Survey respondents were asked, "If you spotted a company
within the opening few lines of search results, would that
make you think that the company was a top one in the field?"
Fully 33% of the respondents indicated they would. "This was
the biggest surprise in the survey. Our hypothesis was that
people could tell the difference between a major brand and a
lesser-known company, product or service that happened to
enjoy a top ranking," said Dr. Amanda Watlington. "What this
indicates is that being found in a top search engine match
transmits a halo effect of sorts. We can infer by this
response that a large number of search engine users will
assign brand value or equity to a top ranked Web site,
disregarding the fact that the search engine's mathematical
algorithm is the cause. This demonstrates, especially for
new Internet users, that top search engine listings transmit
brand equity. Based on these results, lesser-known brands,
or perhaps resellers of these branded products, can increase
their perceived brand equity with search engine users by
being found in the top search matches."
An unexpected twist in the findings was discovered when the
data was segmented by the respondent's Web experience. While
55% of all survey respondents expect major brands to show up
in the top search results, Internet users who had been
online less than six months had the greatest expectation,
with over 65% indicating that they expect to find major
brands in the top spots.

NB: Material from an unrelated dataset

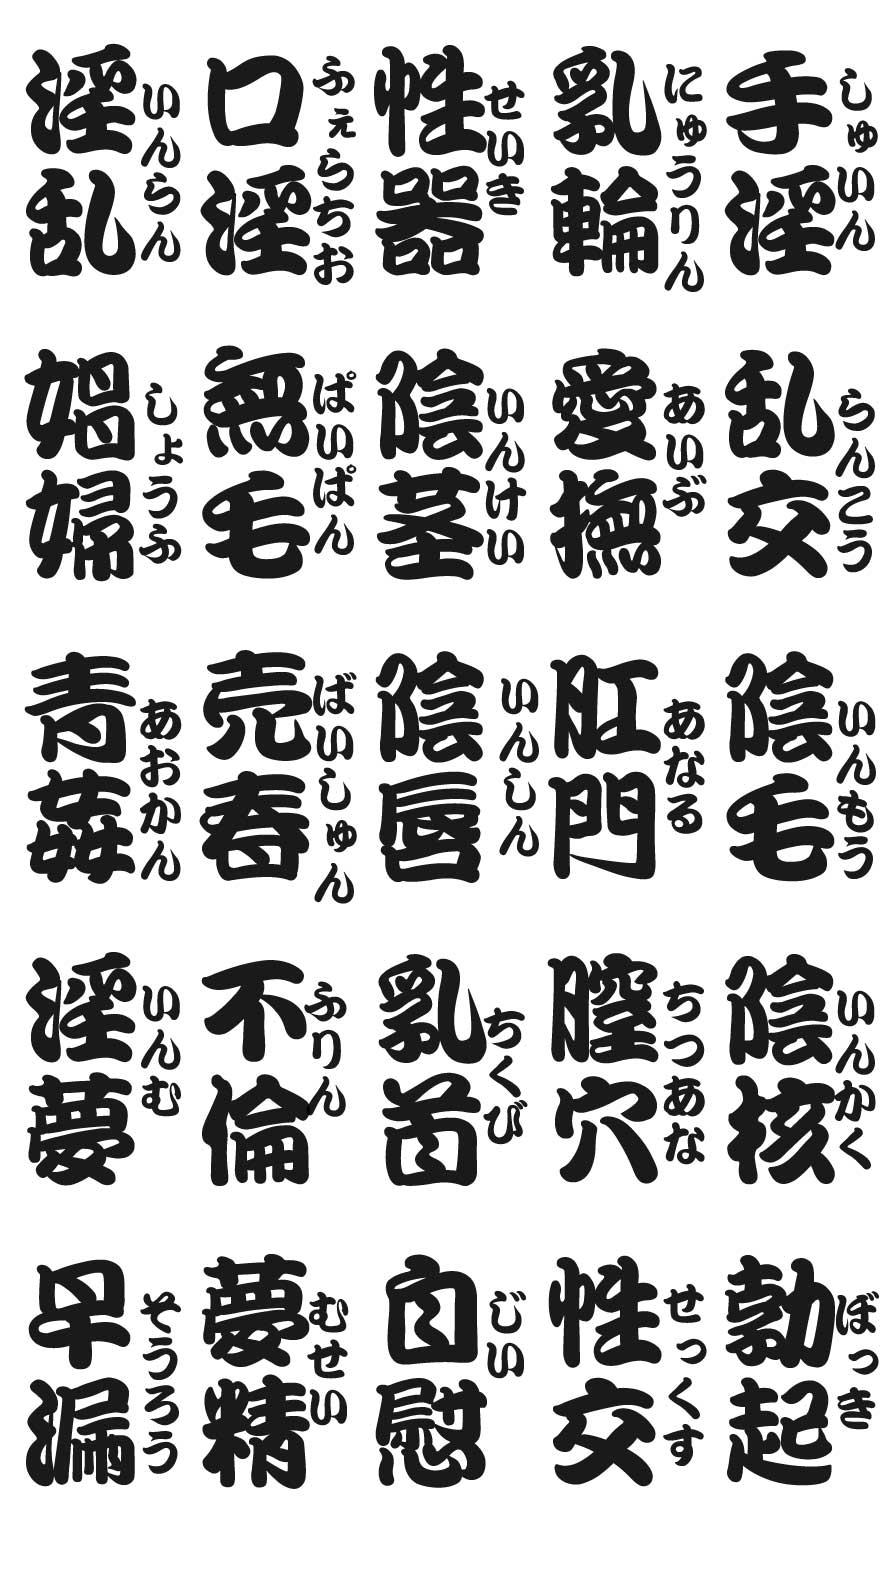 エロ注意 超恥ずかしいジョーク壁紙 魚漢字湯のみ風の隠語漢字の待ち

However, the longer the user has
been using the Internet, the more disaffected they become.
Respondents who had been online six or more years were three
times less likely to expect to find the major brands in the
top search results. "The increase in Web experience will
slowly erode existing brands unless they engage in
aggressive search engine positioning. When a search engine
query is launched, there are only two possible outcomes for
marketers: your Web site will be displayed to the searcher,
or your competitor's will - whether you think of them as
your competitor or not," said Watlington. "Brand managers
risk diluting their brand equity if they fail to meet the
expectations of Internet users and repeatedly allow other
entities to be displayed to these search engine users."